Task directions: The whole listing, apart from its images, should be restated word for word.

━━━ Data block ━━━

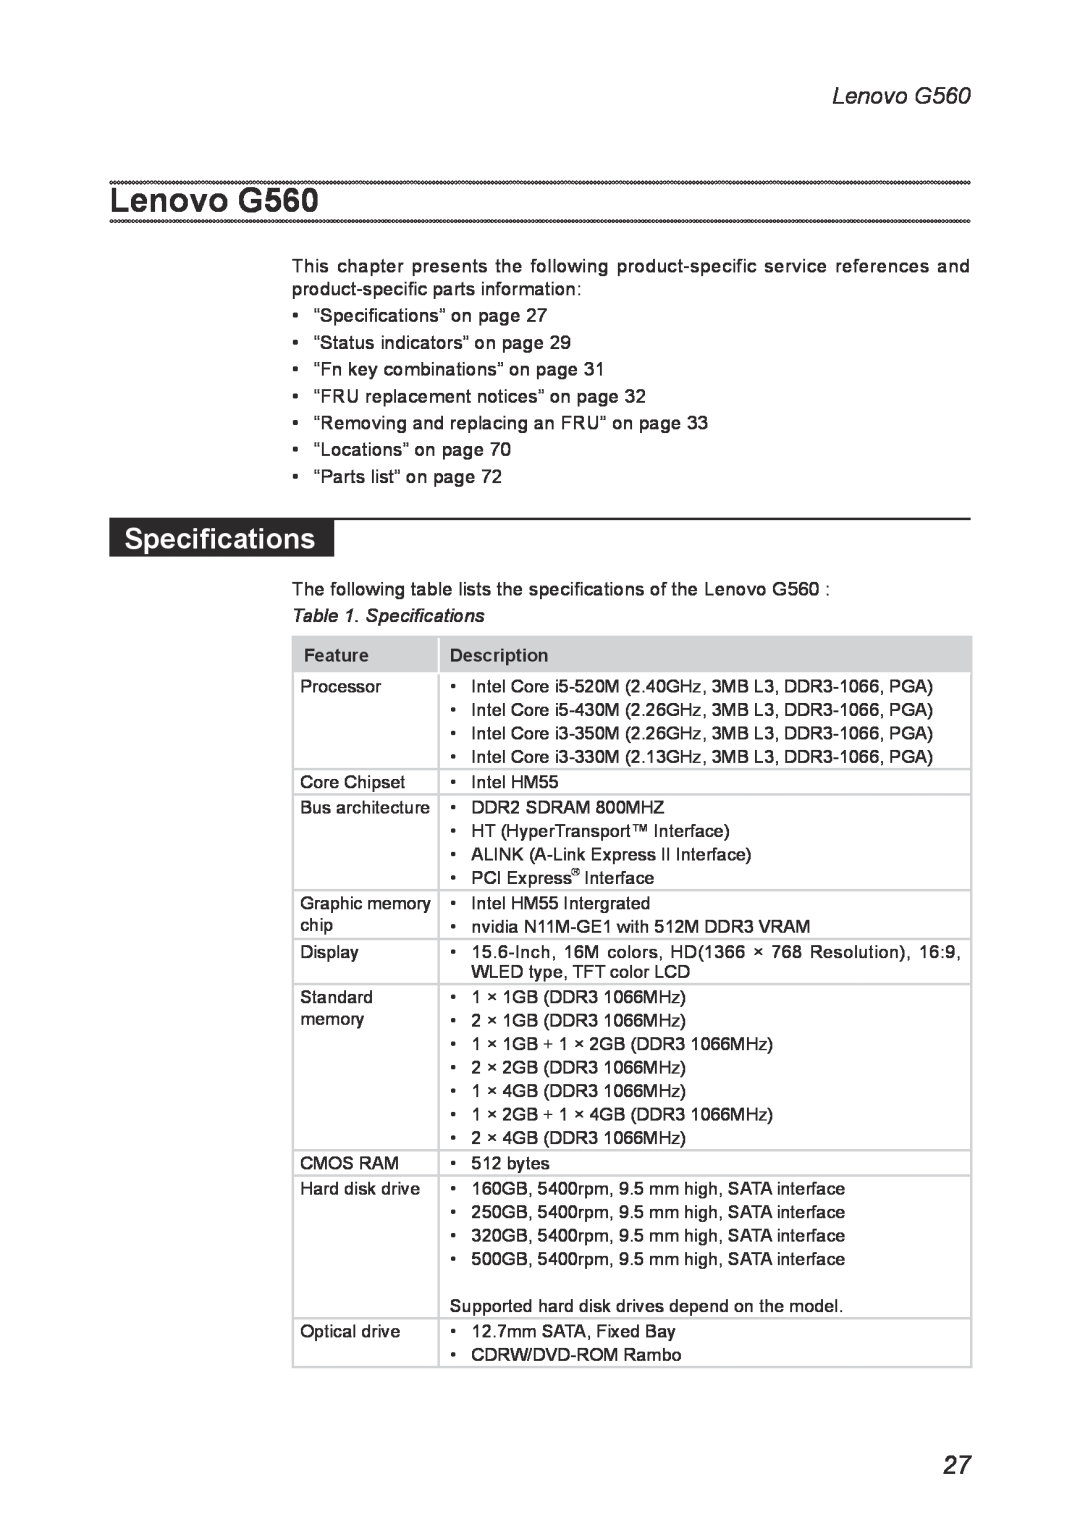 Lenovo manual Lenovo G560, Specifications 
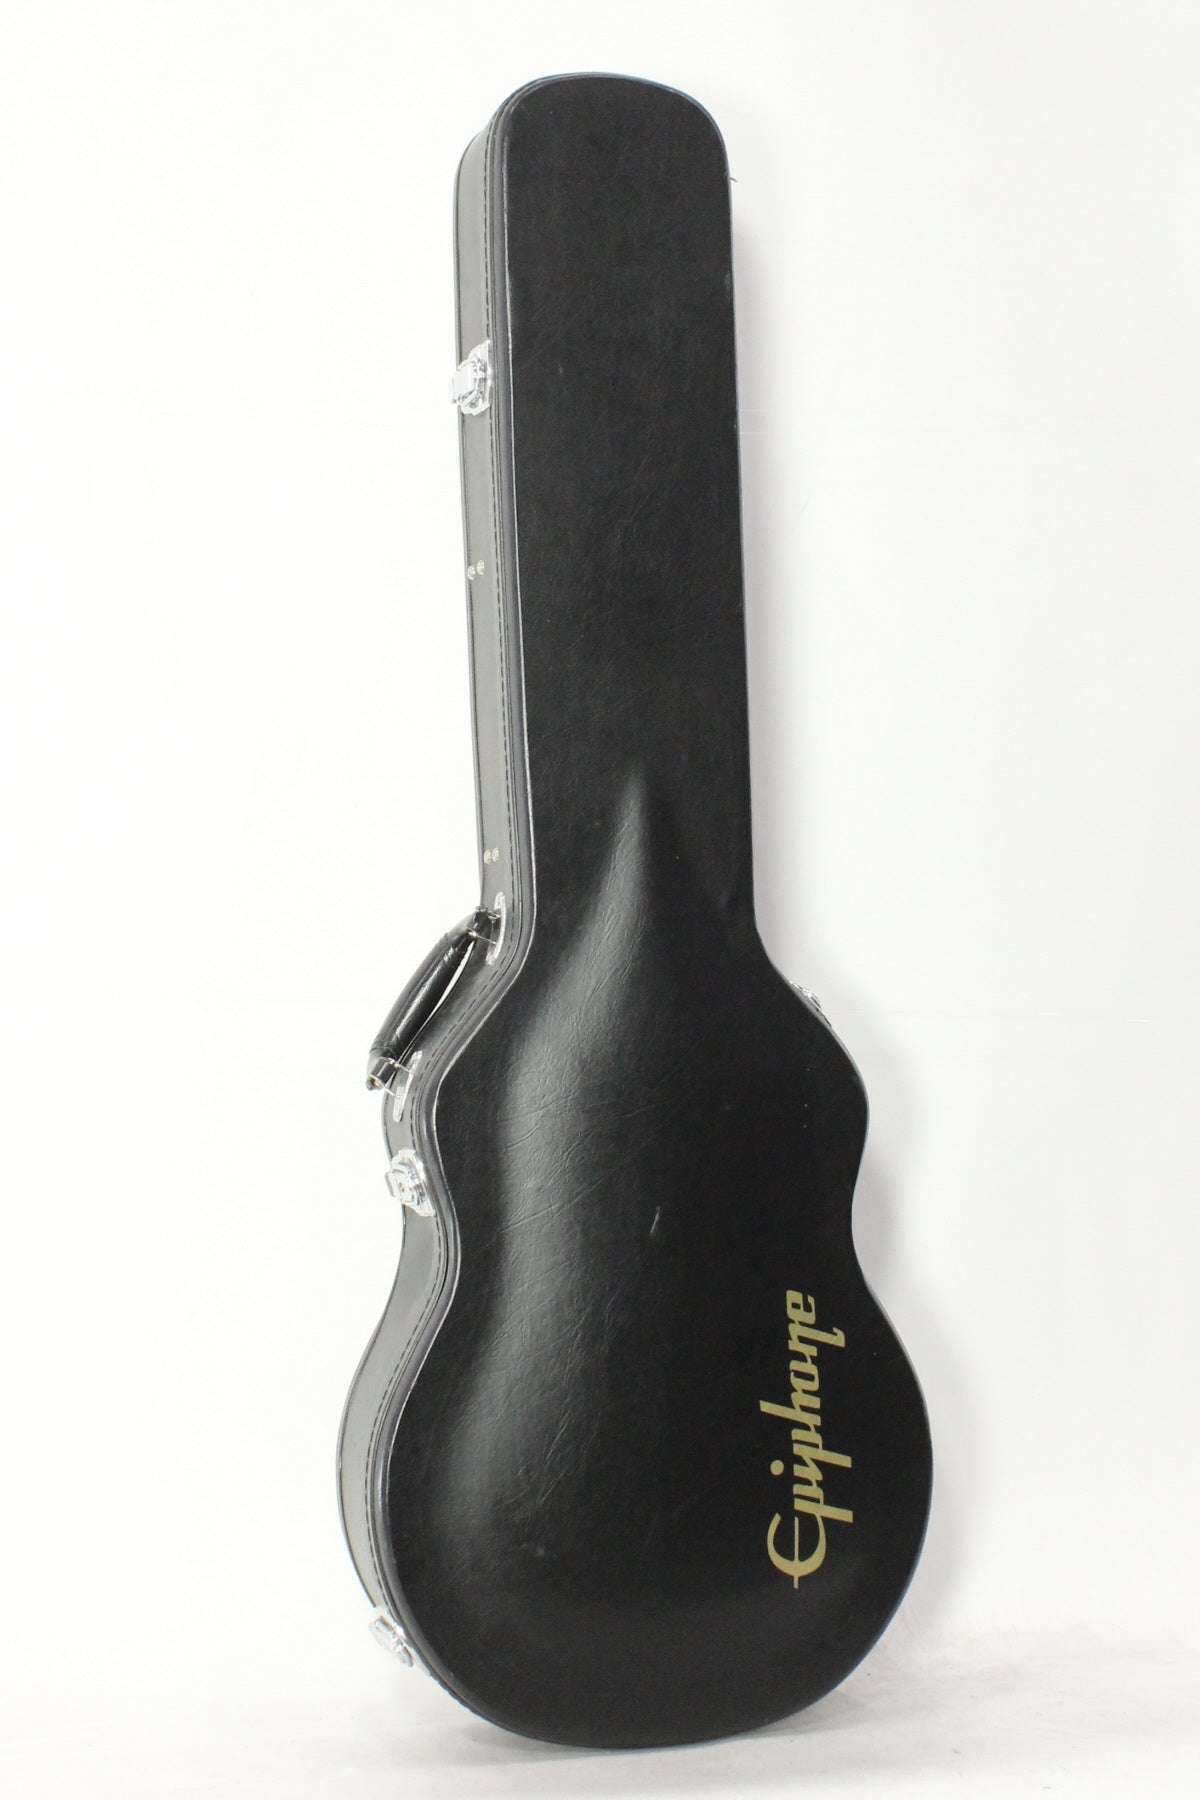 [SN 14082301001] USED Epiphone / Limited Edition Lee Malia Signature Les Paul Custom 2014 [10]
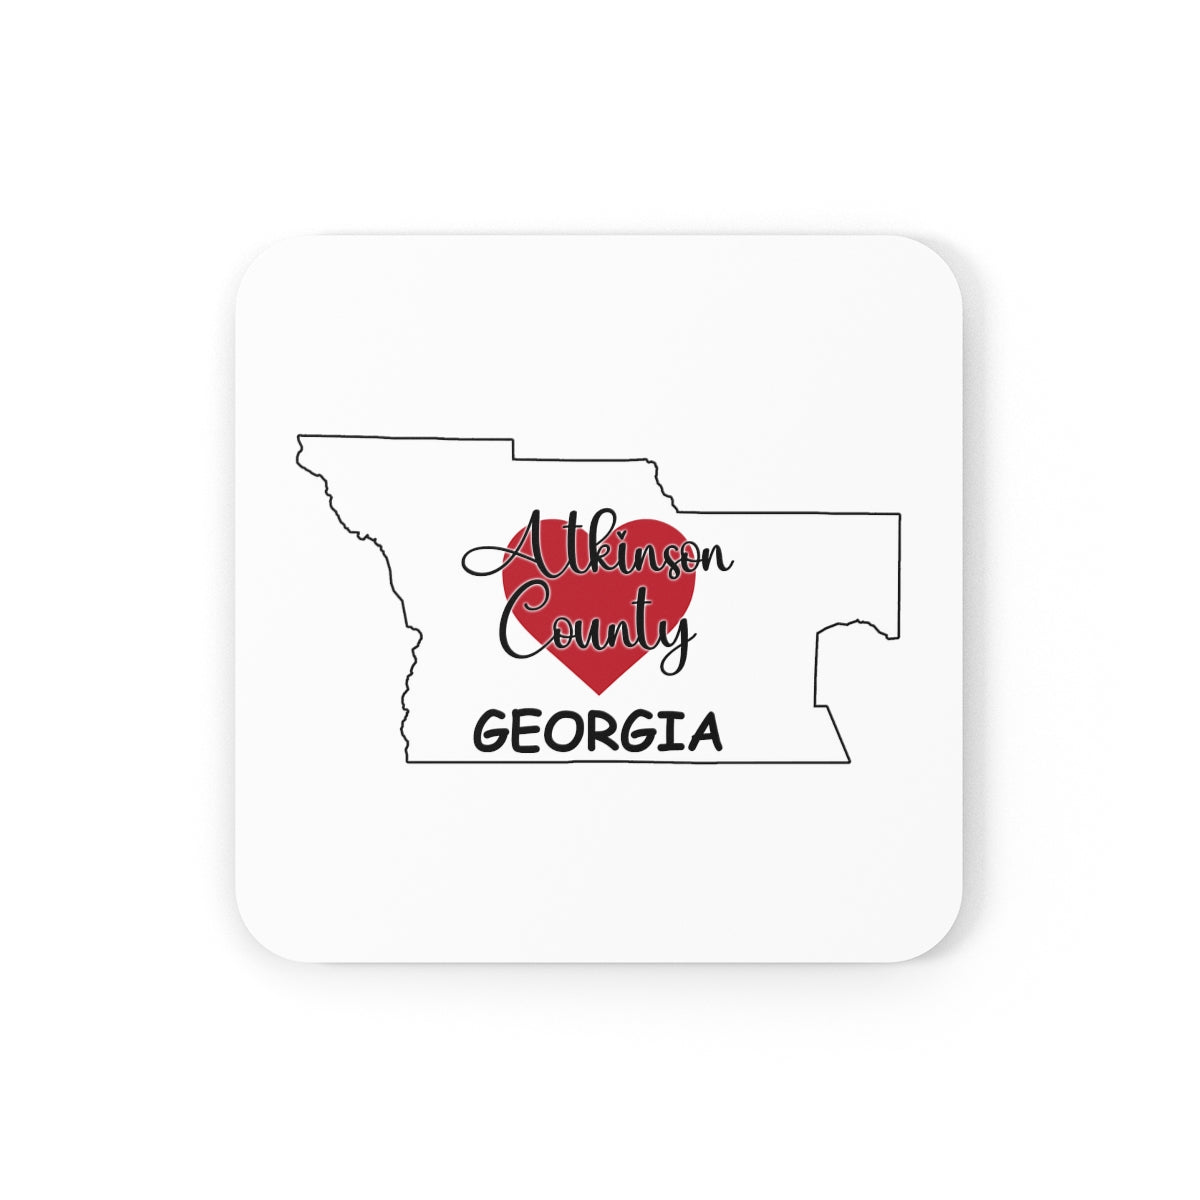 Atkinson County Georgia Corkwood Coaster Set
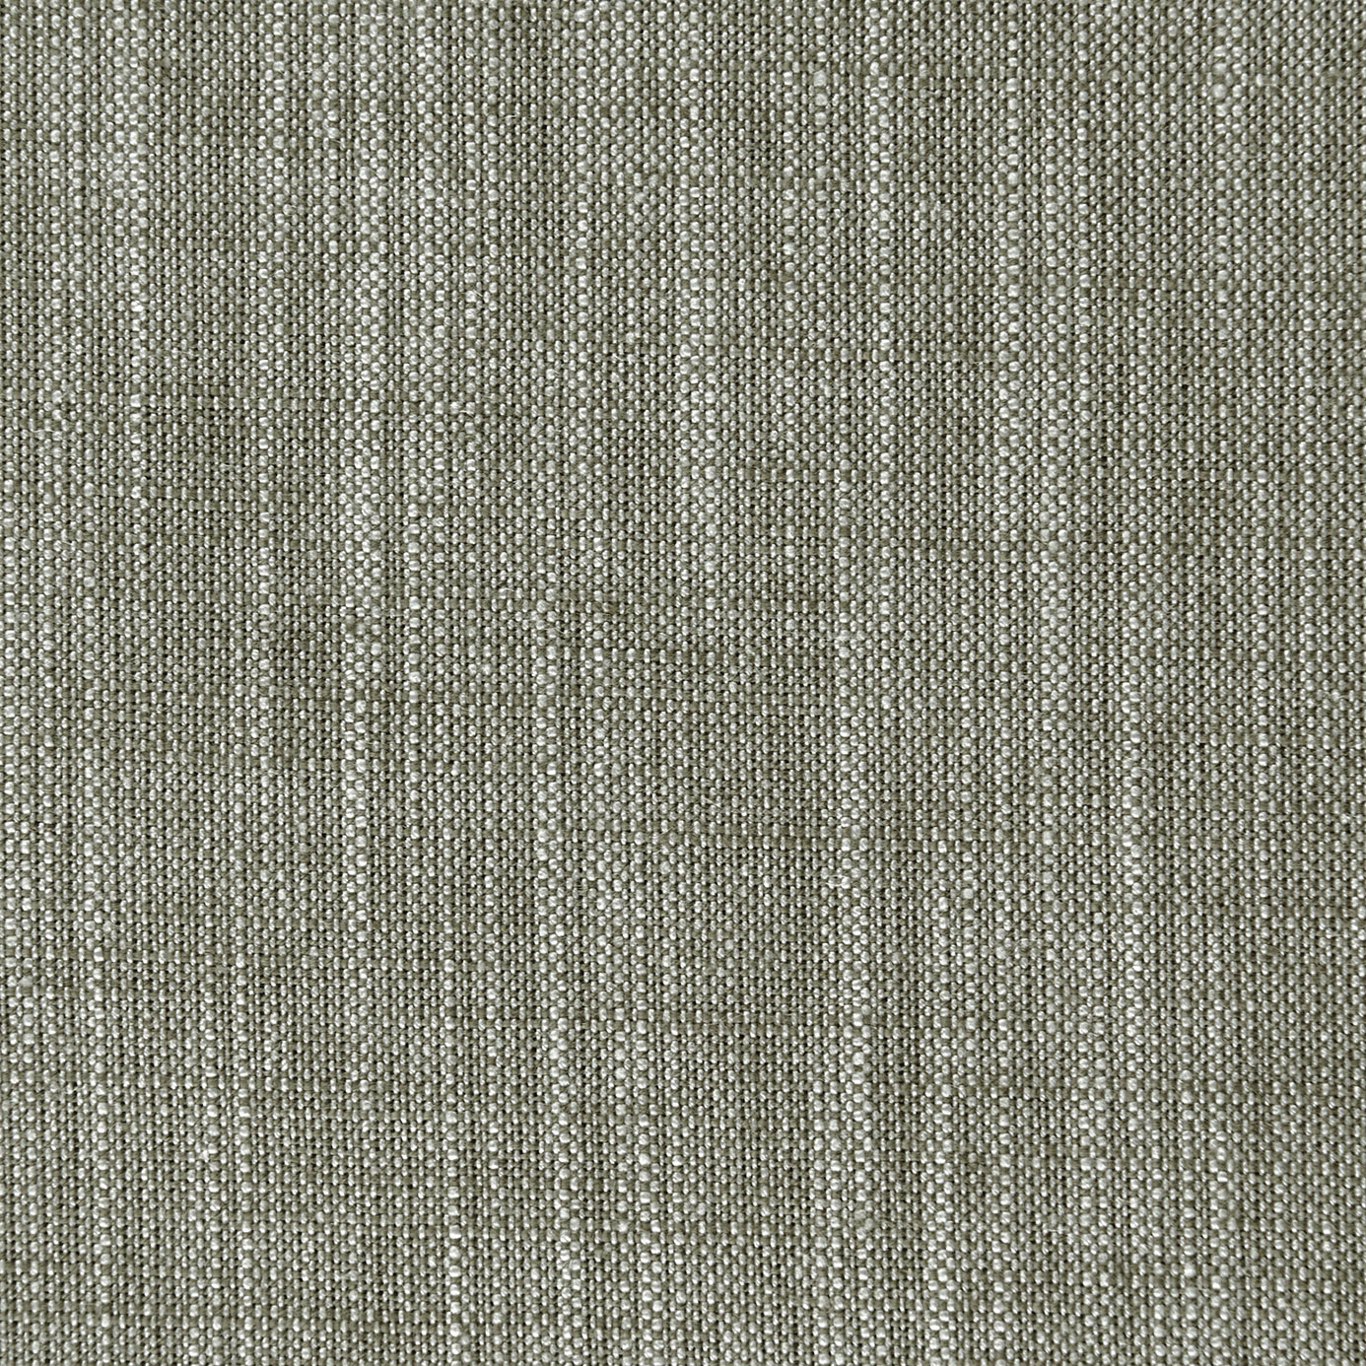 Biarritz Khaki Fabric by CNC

━━━

Reply to the exercise:
 Lenovo manual Lenovo G560, Specifications 
 [SN 14082301001] USED Epiphone / Limited Edition Lee Malia Signature Les Paul Custom 2014 [10]
 Atkinson County Georgia Corkwood Coaster Set
 Biarritz Khaki Fabric by CNC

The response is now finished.